No known maintenance or renovation that I was able to uncover.  Old Town Alexandria has yet to open up, but anything you'd like has come available in Nat'l Harbor (plenty of rooms, 2 bedrooms, balcony's, presidentials), any dates. 

Famine to feast.


----------



## CO skier (Sep 19, 2016)

jebloomquist said:


> No, they are not. Plus all of the quoting that Co skier has posted is irrelevant here.





I did not post to suggest an explanation for the mysterious missing inventory.

I posted section 11.08 only as an answer to the question, "Where does it say in writing that Wyndham can take 90% of the inventory within 60 days?"


----------



## OutSkiing (Sep 19, 2016)

We started looking for Carriage Ridge for summer of 2017 at the 10 month window (we were there last winter and want to go back). Owner Care said that affiliate location waits until January to dump most of their inventory in .. after maintenance fees are collected from any particular unit.  Not sure where the defaulting inventory goes in such a short 30/60/90 day window.

Bob


----------



## outofthewoodwork (Sep 20, 2016)

*Same thing in Destin*

I saw the same thing at the Majestic Sun in Destin.

http://www.tugbbs.com/forums/showthread.php?t=235436

During that time, I called reservations and they saw no availability and they knew of no issues with maintenance.

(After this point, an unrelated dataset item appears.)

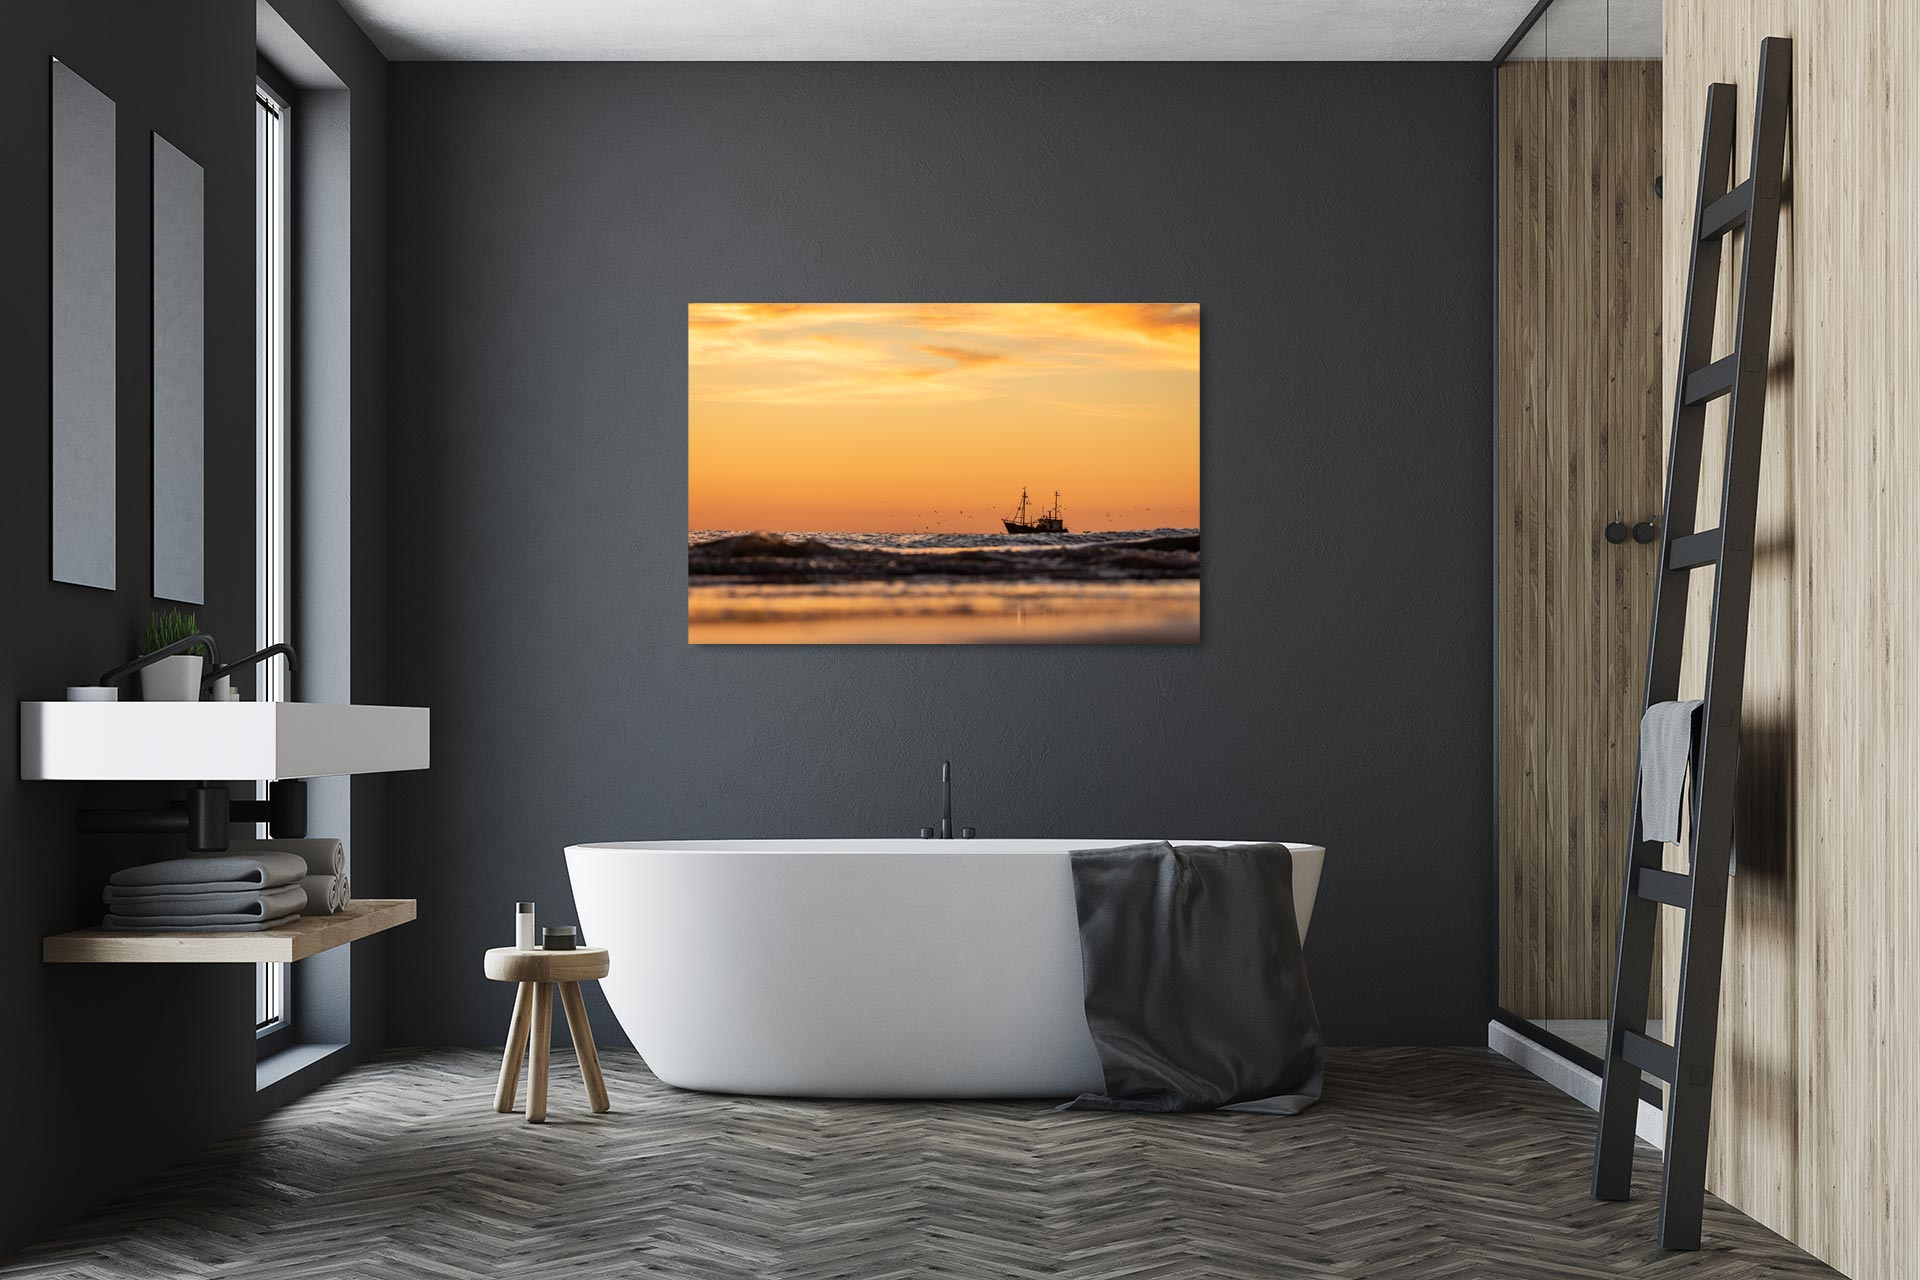 Krabbenkutter Bild auf Leinwand, Acrylglas, Aludibond

I checked many times throughout the year and never saw any availability.


----------



## am1 (Sep 20, 2016)

OutSkiing said:


> We started looking for Carriage Ridge for summer of 2017 at the 10 month window (we were there last winter and want to go back). Owner Care said that affiliate location waits until January to dump most of their inventory in .. after maintenance fees are collected from any particular unit.  Not sure where the defaulting inventory goes in such a short 30/60/90 day window.
> 
> Bob



Your thinking and what Wyndham told you are both wrong for the shell resorts.


----------



## j.d. (Sep 21, 2016)

*Where did the Wyndham Grand Desert Inventory go?*

I contacted Wyndham and STILL nobody knows ......


----------



## Sandi Bo (Sep 22, 2016)

Yeah, they rarely know.  I think we know more from the threads on TUG more than you'll ever get out of Wyndham. 

Even when a resort is going through a known renovation (such as Bonnet Creek in the fall the last couple years (not this year)) a VC would have no information whatsoever.

You'll always get 'it's a really popular time' or 'the kids are out of school'. Blarney!

When they're grabbing up inventory for who knows what reason, I can't imagine we'll ever, ever, get a straight answer.


----------



## Jan M. (Sep 22, 2016)

Sandi Bo said:


> Yeah, they rarely know.  I think we know more from the threads on TUG more than you'll ever get out of Wyndham.
> 
> Even when a resort is going through a known renovation (such as Bonnet Creek in the fall the last couple years (not this year)) a VC would have no information whatsoever.
> 
> ...



When I was planning a trip to Vegas for this past April I thought we might like to stay at Desert Blue. I couldn't find anything and we decided we really like Grand Desert so I booked there. But I kept watching Desert Blue and wondered why there wasn't even a single night available in 4 months. Was the resort really that popular even though it is further away from the Strip than Grand Desert and so many more points to book? One day when I had to call reservations for something else I asked the rep. She didn't believe me until she looked for herself. I told her that I had been watching the resort for weeks and wondered if they had a problem. Anyhow she put me on hold and came back with the typical non-answer they give when they aren't allowed to tell us the truth. Eventually a lot of inventory opened up and it was mostly the larger units.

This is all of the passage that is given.